A global footprint and a diverse product line developed by acquisition as well as by research and development are keying strong sales worldwide for Wittmann Battenfeld Inc. and its Austrian parent Wittmann Kunststoffgerate GmbH, according to General Manager Mike Wittmann.
Wittmann was interviewed at the Torrington facility July 29 along with David Preusse, president of Wittmann Battenfeld Inc., and Matt McCabe, international key account manager for Wittmann Battenfeld.
“Automotive has been surprisingly strong,” Wittmann said.
He said that they had communicated with the automotive companies earlier to see how new equipment fit into their budgets and found them to be were very cautious. However, they along with other industries are buying equipment.
“We believe we have a complete product line with a lot of potential,” he added.
Wittmann said that the sales overall are on track for about $350 million. He noted that sales are not confined to just one industry or one region.
The company has 31 locations worldwide, including nine manufacturing sites. Wittmann has been adding staff, about 250 people in the last year, and now has a total of 1,600 employees.
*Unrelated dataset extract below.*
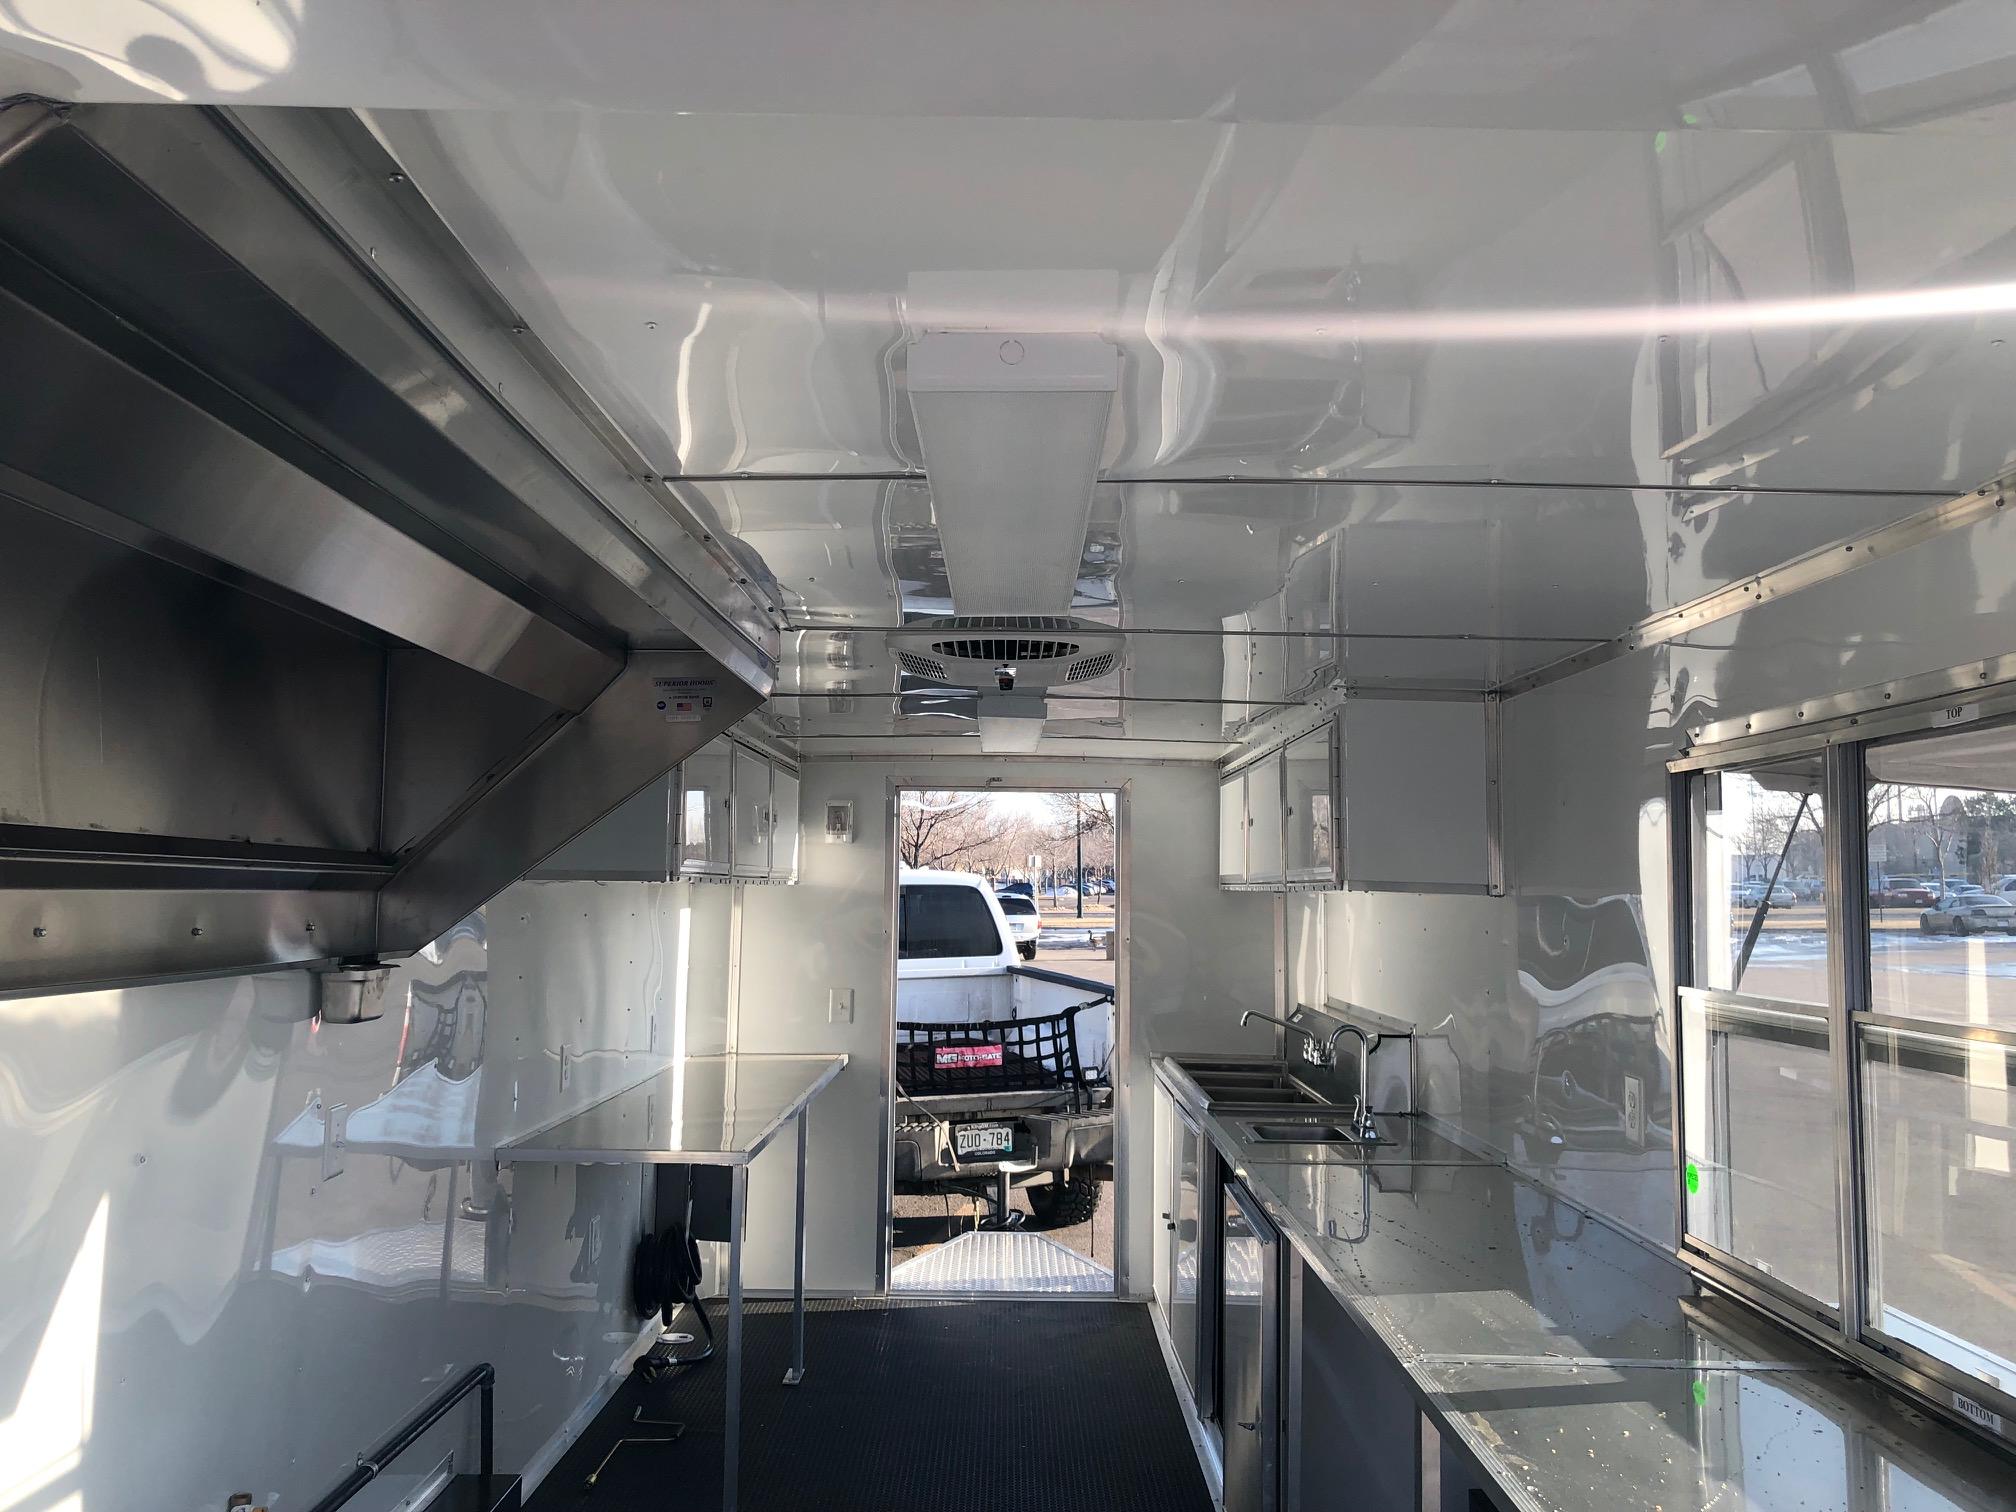 Brand New 2019 Anvil Custom Food Trailer For Sale In Denver Food Truck Empire

Preusse said sales at the Torrington site are up 35 percent, and employment is up 20 percent in the past year, to 125 workers. The company has been adding regional managers and service people.
Michael Wittmann was president of Wittmann USA from 1995 to 2002 and is quite familiar with the U.S. subsidiary. He seemed pleased with its progress.
“The U.S. market size has not changed, but we’ve gained market share,” he said.
The Torrington facility is expecting to generate sales of more than $45 million this year, according to Preusse, up from $36 million last year.
The company has broadened its product line over the years, allowing Wittmann to offer molding machines, robots, auxiliary equipment and material-handling systems.
“During the recession automotive was very slow, but there seems to be a vibrant packaging market. A lot of caps and closures did not use robots, but now they do — a new market has opened up,” Preusse said.
“We’ve seen more use of web-based services. They can go online with a molding machine, a robot or a material handling system and do real-time trouble-shooting over the web,” Preusse noted.
He said that using a secure internet-based system, the company can service its equipment immediately.
Preusse said that the Torrington facility instituted a lean manufacturing and 5S program back in April and is analyzing ways to streamline, reduce waste, reduce paper and handle orders and information more quickly. It is looking to be efficient and to boost sales.